Travail dissimulé à l'EPR de Flamanville : Bouygues devant le tribunal


Le procès en correctionnel de plusieurs entreprises, dont le géant du BTP Bouygues Travaux publics (TP), dans un dossier concernant 460 ouvriers étrangers non déclarés sur le chantier du réacteur EPR entre juin 2008 et octobre 2012, s'est ouvert mardi 10 mars à Cherbourg. L'affaire, qui devrait rester devant le tribunal pendant trois à quatre jours, pose notamment le problème des « travailleurs détachés » dans l'Union européenne.



Il est reproché au géant du BTP, à sa filiale Quille et à la société française Welbond armatures, d'avoir eu recours aux services d'entreprises, Atlanco et Elco, qui employaient sans les déclarer en France des salariés polonais et roumains, selon l'accusation.
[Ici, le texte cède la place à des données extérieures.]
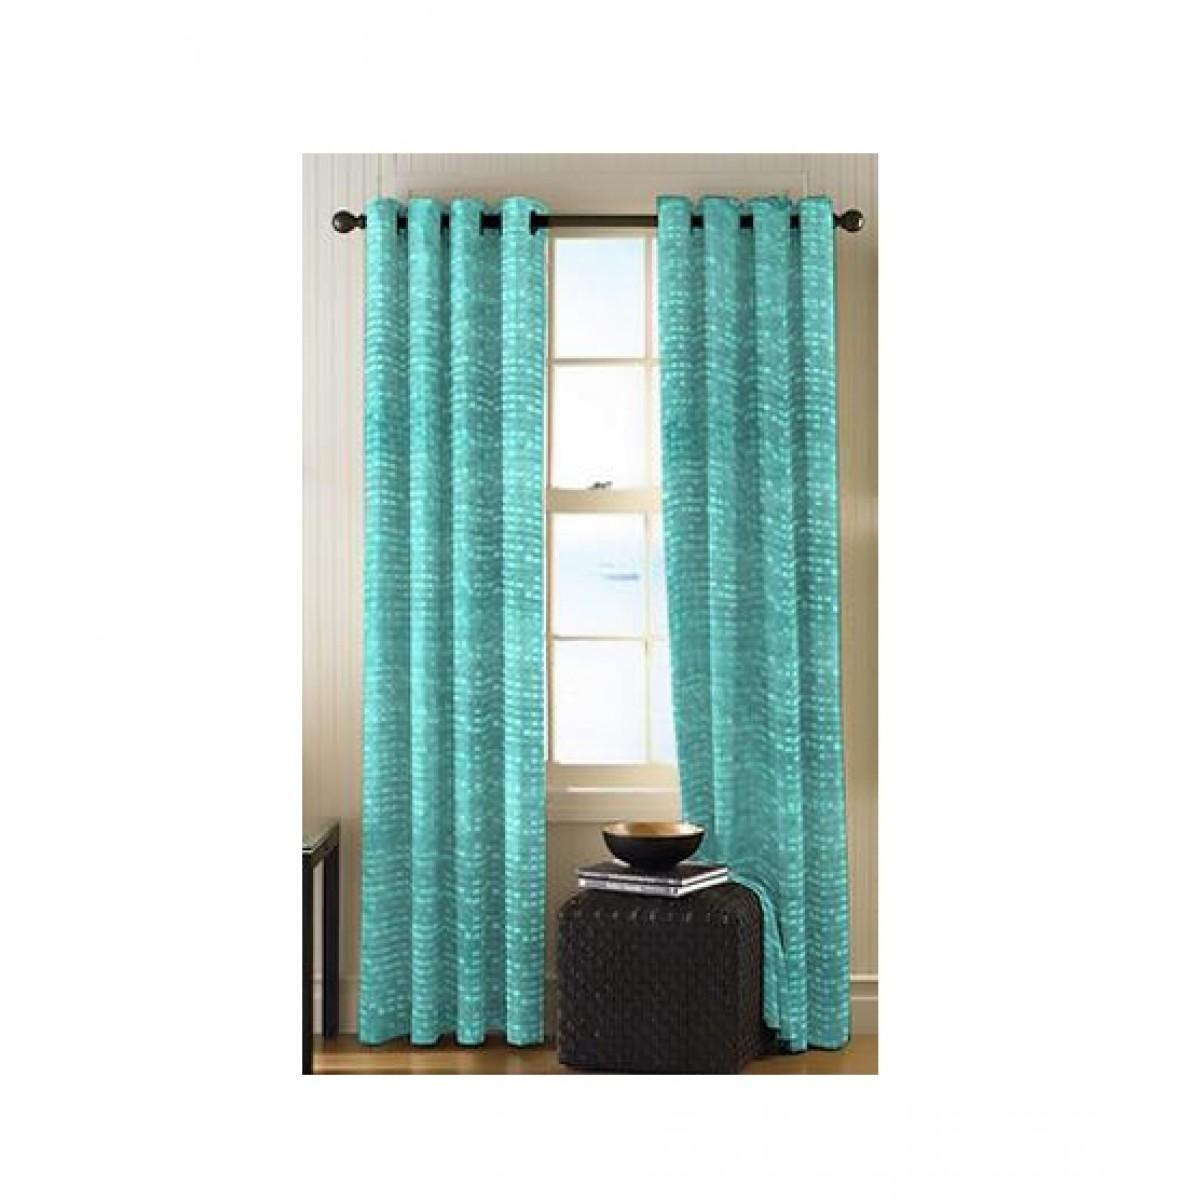 Maguari Zippered Mattress Cover Price In Pakistan Buy Pair Of Pq Jacquard Curtain Sea Green 0038 Ishopping Pk

Au cœur du dossier, une agence internationale d'intérim

Le procès se déroule en l'absence d'Atlanco Limited, dont la justice n'a pas réussi à retrouver la trace. Cette agence internationale d'intérim, qui « aurait son siège à Chypre ou à Dublin » selon le président du tribunal Nicolas Houx, est poursuivie pour « travail dissimulé, dissimulation de salariés, prêt illicite de main-d'œuvre et marchandage » de 163 ouvriers polonais et la société roumaine Elco pour celui de 297 Roumains.

Atlanco, au moment des faits, recrutait surtout en Europe de l'Est via 18 bureaux dans neuf pays européens, selon le tribunal. Sous contrat avec Bouygues et Welbond, elle avait un bureau préfabriqué sur le chantier. Elco, qui « selon la procédure avait des locaux sur le chantier de l'EPR, au sein même des locaux de Bouygues » a relevé le président du tribunal Nicolas Houx, a employé 580 salariés en tout sur le chantier entre octobre 2008 et septembre 2011. Cette société roumaine affiche aujourd'hui un effectif total de 500 à 600 personnes en Europe. Elco et Atlanco refacturaient les coûts de main d'oeuvre à Bouygues, ou Welbond.

Des « salariés, payés en espèces, sans feuille de paie »

Pour cette première journée d'audience, les avocats de Bouygues TP ont soulevé différents motifs de nullité de la procédure et plaidé des débats « non équitables » en raison d'une « enquête tronquée » et de documents qui leur ont été remis seulement mardi par le procureur de la République.

Mais le tribunal a décidé dans l'après-midi de ne trancher ces questions qu'après avoir examiné le fond. Flavien Jonquera, avocat de différents organismes CGT qui se sont portés parties civiles, s'est félicité de la poursuite des débats. « Les faits sont parfaitement caractérisés, il y a des noms, des dates, des heures », a-t-il déclaré en marge de l'audience.

Jean-François Sobecki, coordinateur de la CGT sur le chantier de l'EPR, a rappelé de son côté avant l'audience « les conditions de travail et d'hébergement déplorables » des travailleurs employés par les sociétés mises en cause :

« Ces salariés, payés en espèces, sans feuille de paie, avec des retenues sur les tenues et les outils de travail, le non-paiement des jours fériés, sont les otages d'un système d'exploitation organisé à des fins de dumping social (...). J'espère que nous aurons des condamnations exemplaires et dissuasives. »

Les peines encourues peuvent atteindre 225 000 euros d'amende, l'Etat étant susceptible de réclamer de son côté plusieurs millions d'euros de cotisations sociales impayées.

La société Atlanco a déjà été condamnée en février 2014 par le conseil des prud'hommes de Cherbourg à verser six mois de salaire à 59 ouvriers polonais.


Après de nombreux reports, la mise en service du réacteur EPR de Flamanville, dont le chantier a déjà été entaché par diverses irrégularités et des accidents de travail dont un mortel, est prévue pour 2017.